String Quartet No.3
Piano Quintet in F minor, Op.34
Signum Quartet [Kerstin Dill & Annette Walther (violins), Xandi van Dijk (viola) & Thomas Schmitz (cello)]
Christian Ihle Hadland (piano)
Reviewed by: Curtis Rogers
Reviewed: 26 August, 2013
Venue: Cadogan Hall, London
Although the two works here are rather different in style, they both inhabit a world of passionate, intense emotion. Whereas Elizabeth Maconchy’s String Quartet No.3 (1938) is concise and terse, with its doleful rumination over a couple of motifs, Shostakovich-like rather than suggesting her usual influences, Bartók and Janáček, Brahms’s Piano Quintet is a richly Romantic piece, worked out on a symphonic scale. But Maconchy’s description of her string quartets as “impassioned argument” could equally well apply to the spirit of just about every work Brahms composed, not least the Piano Quintet.

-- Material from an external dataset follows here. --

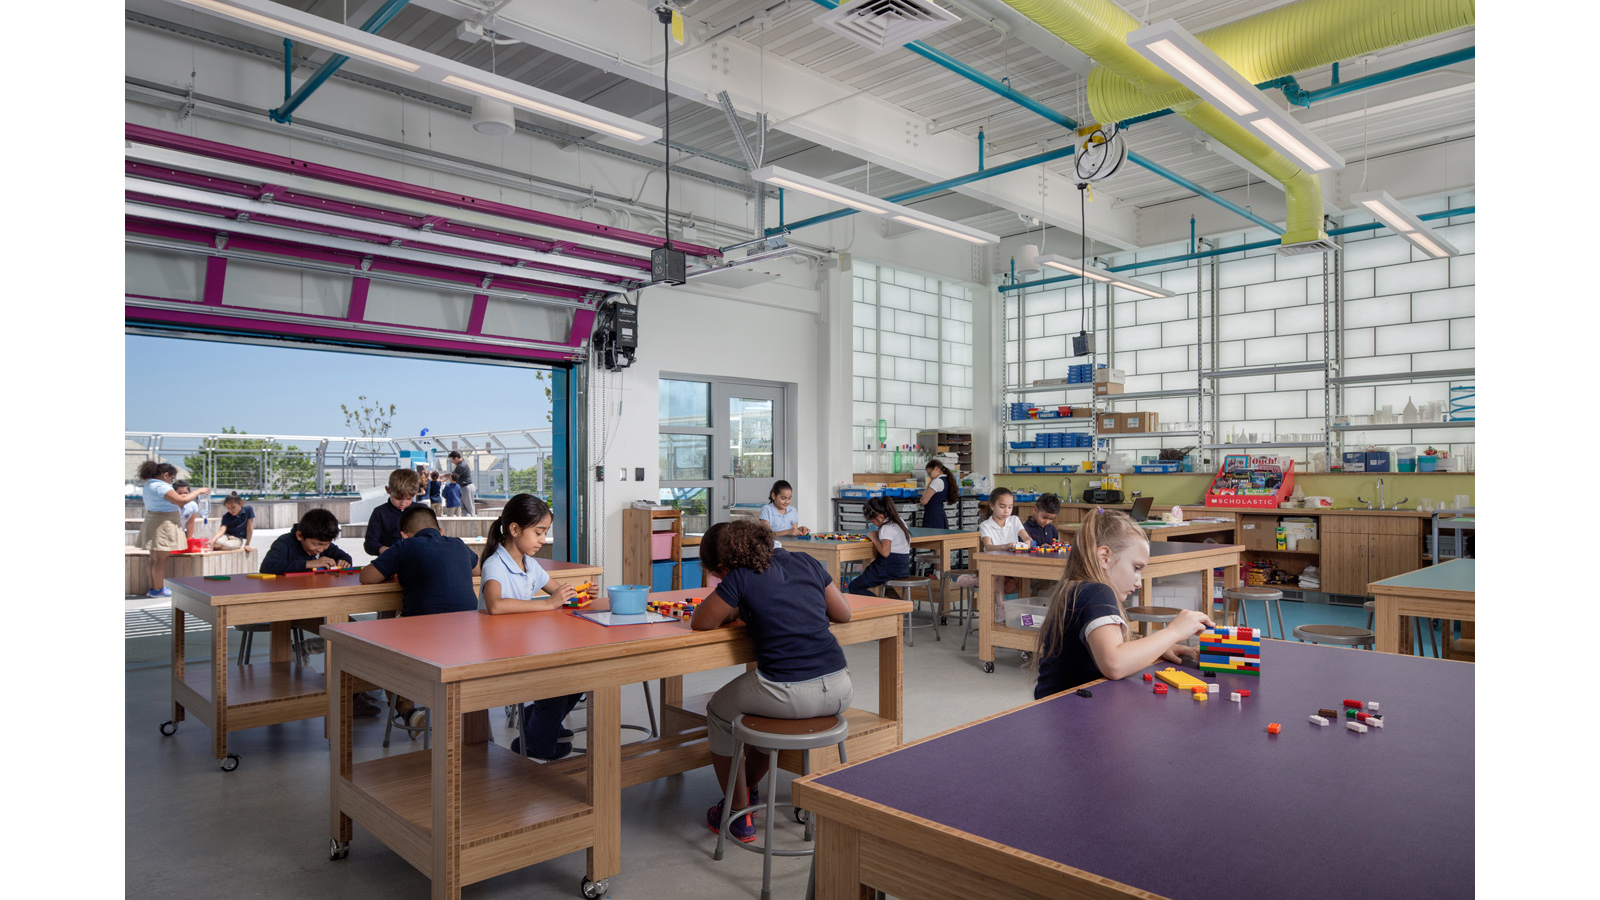 Irwin Jacobs Elementary School Interior, Makers space classroom on roof with roof access to deck

String Quartet No.3 by Maconchy (1907-94) unfolds continuously through five sections, lasting a little over ten minutes overall. It begins with the slow undulation of a motif built upon the interval of a second. The two violinists brought a mellow sonority to this passage whenever it appeared by playing high up on the G-string in emulation of a viola’s tone. This section is succeeded by a more dynamic one in which the seconds were inverted to form a sequence of lunging sevenths. After the Signum Quartet’s relaxed presentation of the opening, its members preferred not to venture into too violent a manner for the faster sections. This meant that there was a consistency of emotional purpose throughout the performance, bringing the forlorn serenade-like central section within its ambit completely naturally.

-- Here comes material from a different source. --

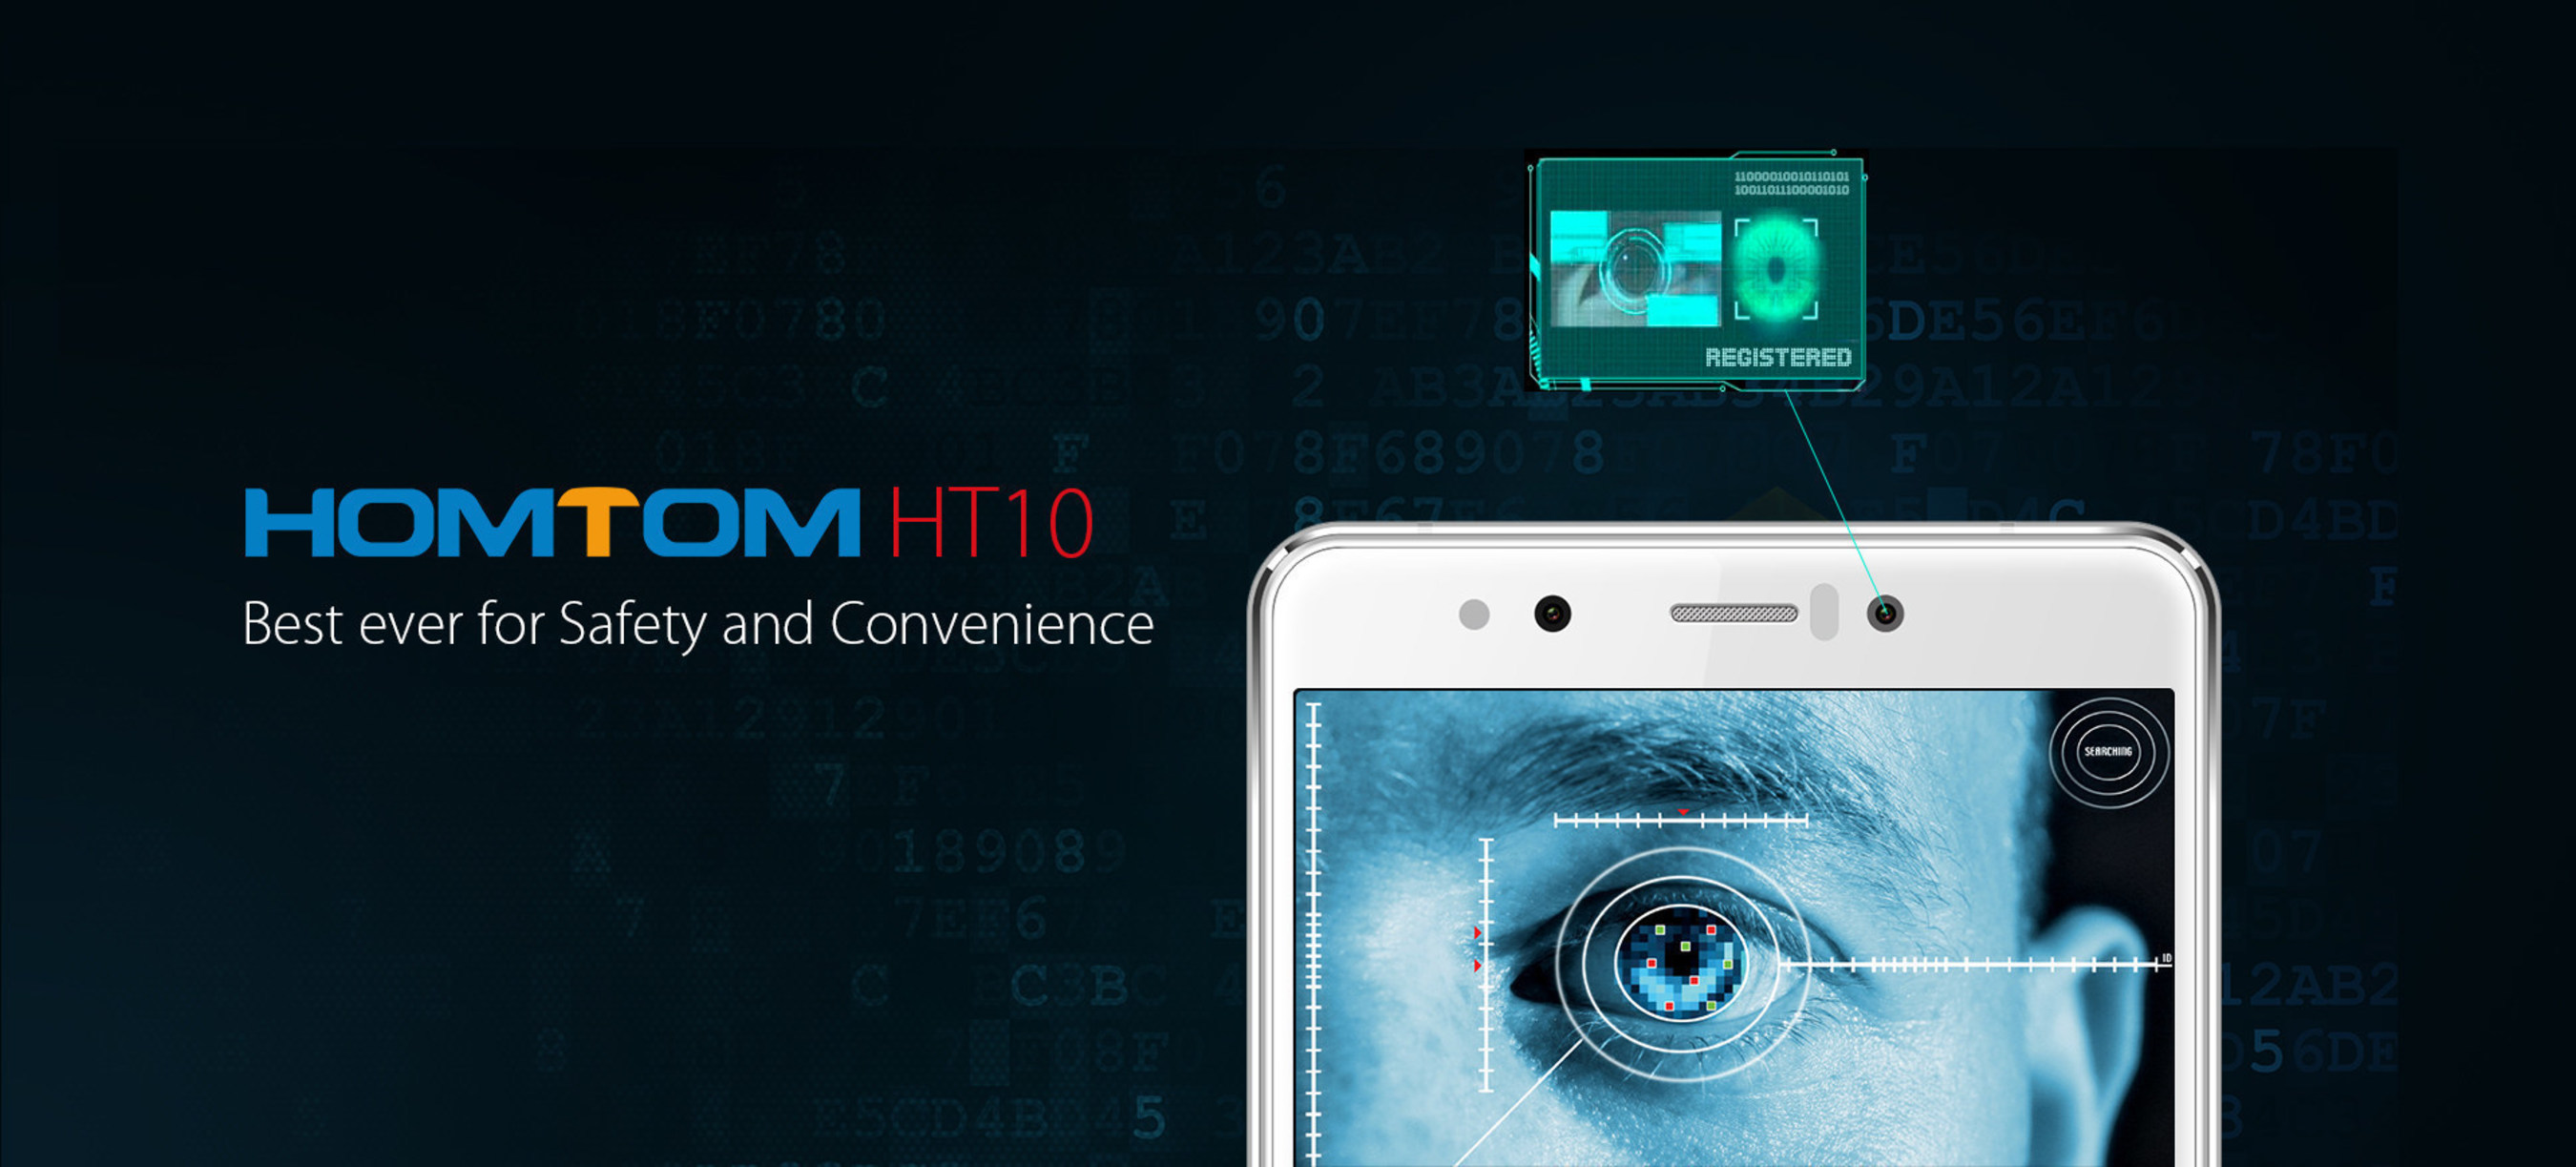 Advanced iris recognition technology makes the HOMTOM HT10 one of the most secure smartphones available on the market

Unfortunately a satisfying emotional unity was much less evident in Brahms’s Piano Quintet, though this was certainly not attributable to Christian Ihle Hadland’s joining the Signum ensemble. By no means did he dominate the music, for he knew when to melt into the work’s more involved textures. He gave a strong lead in enunciating the opening melody with mystery and tentativeness before unleashing fury and drama. There was promise then for a careful delineation of the score’s contrasts of light and shade, but this failed to emerge naturally. The performers rose to excitement and drive for the climactic moments but then eased off in the sections in between, dropping down one gear too many; for instance, after the opening arpeggios of the scherzo, the scurrying motif in the strings was not invested with much sense of direction. The strings’ chords accompanying the lulling theme of the slow movement were somewhat curt and indifferent, and the development of the first movement was introspective but inconsequential.
Undoubtedly the execution was accomplished and intelligent, exhibiting insight and polish. But the juxtaposition of contrasting passages seemed contrived and unrelated to each other, rather than forged into an organic flow. Brahms, more than most composers, needs an appropriate degree of tension to be maintained through the impeccable logic of his structures while modulating the mood and register to suit the character of the music. The climax of the finale was powerful and passionate, as it should be, and there was joyous abandon in the major-key theme of the scherzo. But with an emotionally cool slow movement and the hesitant character of the finale’s opening section, the impact of the coda was not the devastating culmination it could have been.